Beeswax & Fermented Cod Liver Oil

Beeswax is not something that you commonly find in cod liver oil products. In fact, I can think of remarkably few products to add beeswax into them. In this post I’ll cover information about the beeswax we use in our fermented cod liver oil, and why we do it.


About our Beeswax

The beeswax we use comes from bees that have fed primarily on forest blossom as well as various wildflowers. This minimises the exposure of pesticides and ensures a completely natural product. As a result, the wax is a lovely light yellow, which is responsible for the colour of the oil in the capsules. Beeswax does come in a variety of colours. These range from the yellow of the wax we use, to an amber brown colour. The colour of the beeswax is mainly influenced by the flowers the bees forage on, and the age of the wax.


Why we use beeswax

The reason is simple. We use beeswax to thicken the oil so it can easily fill the capsule shell in small-scale production. Beeswax is a complex mix of fatty acids and similar structures, and so mixes extremely well and evenly with oils. It is naturally very hard, and so by varying the amount of beeswax added to the oil, you can easily control the thickness.

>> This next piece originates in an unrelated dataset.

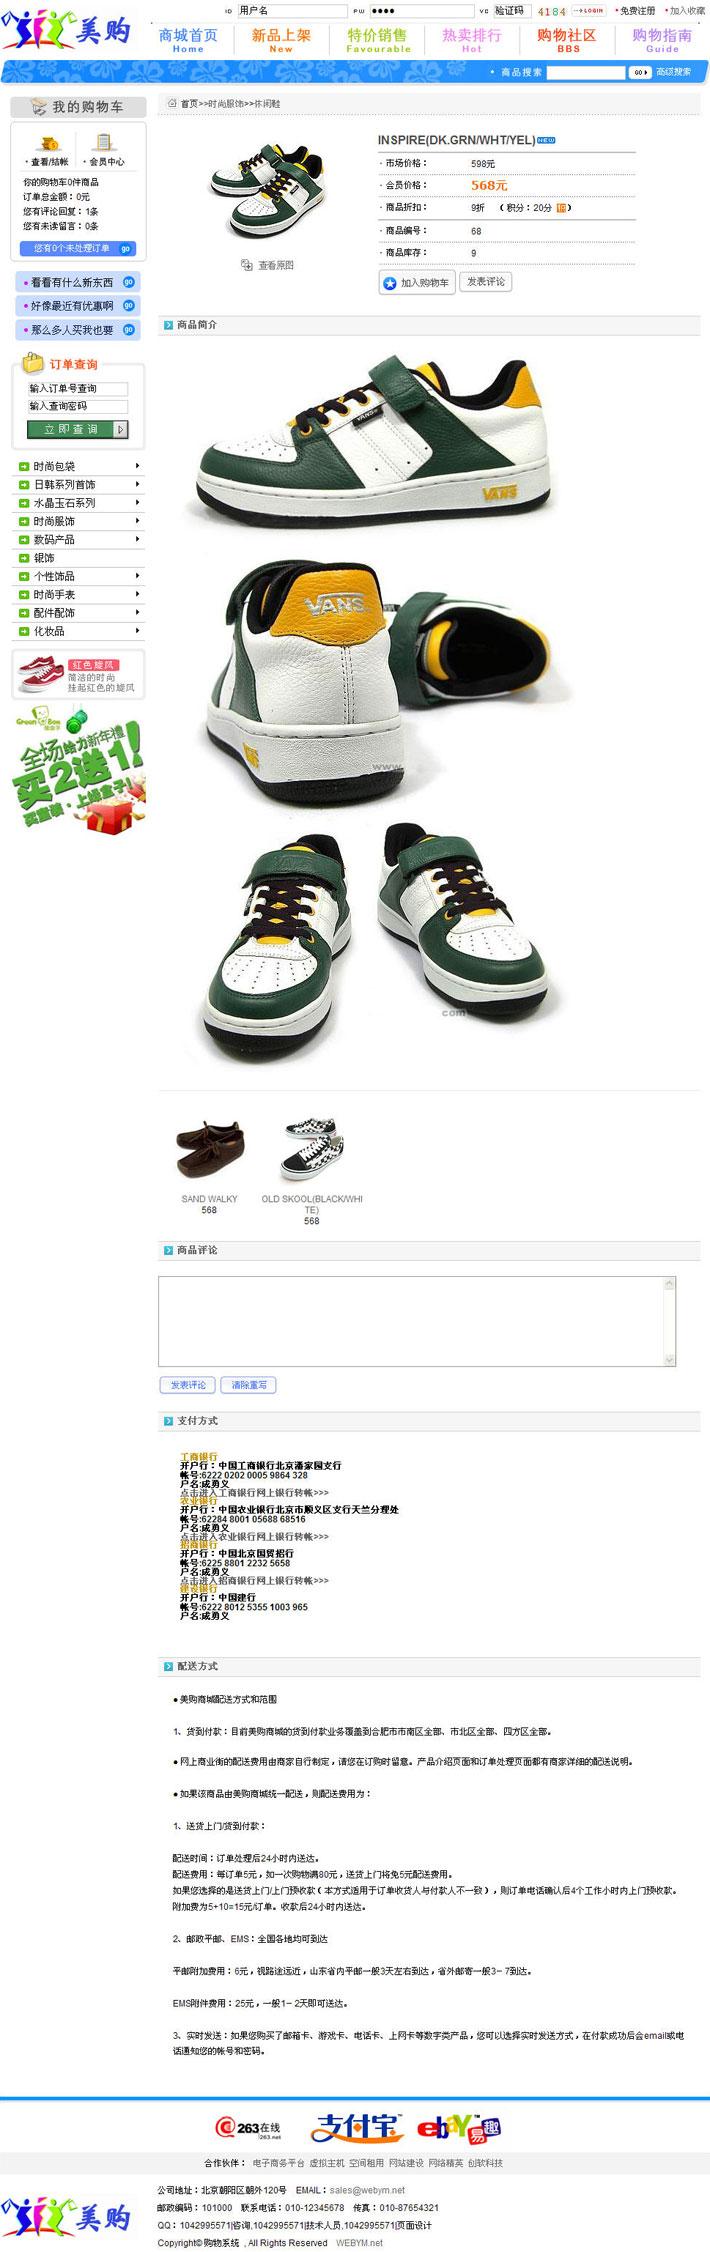 鞋子专营店网站源程序

There are of course other thickeners available to the supplement market too. We chose beeswax as our thickener for a number of reasons though. Aside from its ability to mix with fermented cod liver oil, beeswax is extremely safe to eat. Beeswax has a very long history of being eaten (more so than most modern foods), and its safety is unsurprising. However, if there was any doubt, the European Commission and WHO have evaluated the use of beeswax in foods, and decided it is safe.

Finally, beeswax is a completely natural substance. It would have been available to the Celts when they fermented fish. It was important to us to keep the product as authentic as possible, and so when we decided we should thicken the oil, beeswax made a lot of sense. So, beeswax ticked the boxes for chemical stability, safety and is a traditional material. It was perfect for what we wanted it for.


Does beeswax interact with fermented cod liver oil?

In short, no. Beeswax is chemically stable, and mixing it with cod liver oil is not too different from adding more long chain fatty acids to the oil. There is some limited research to suggest that mixing cod liver oils with beeswax can help improve the stability of the cod liver oil. This is altogether possible, but not something we are willing to make a claim about. For now, all we know is that it thickens the oil, is safe to eat, and is completely natural – and that is all we want of it!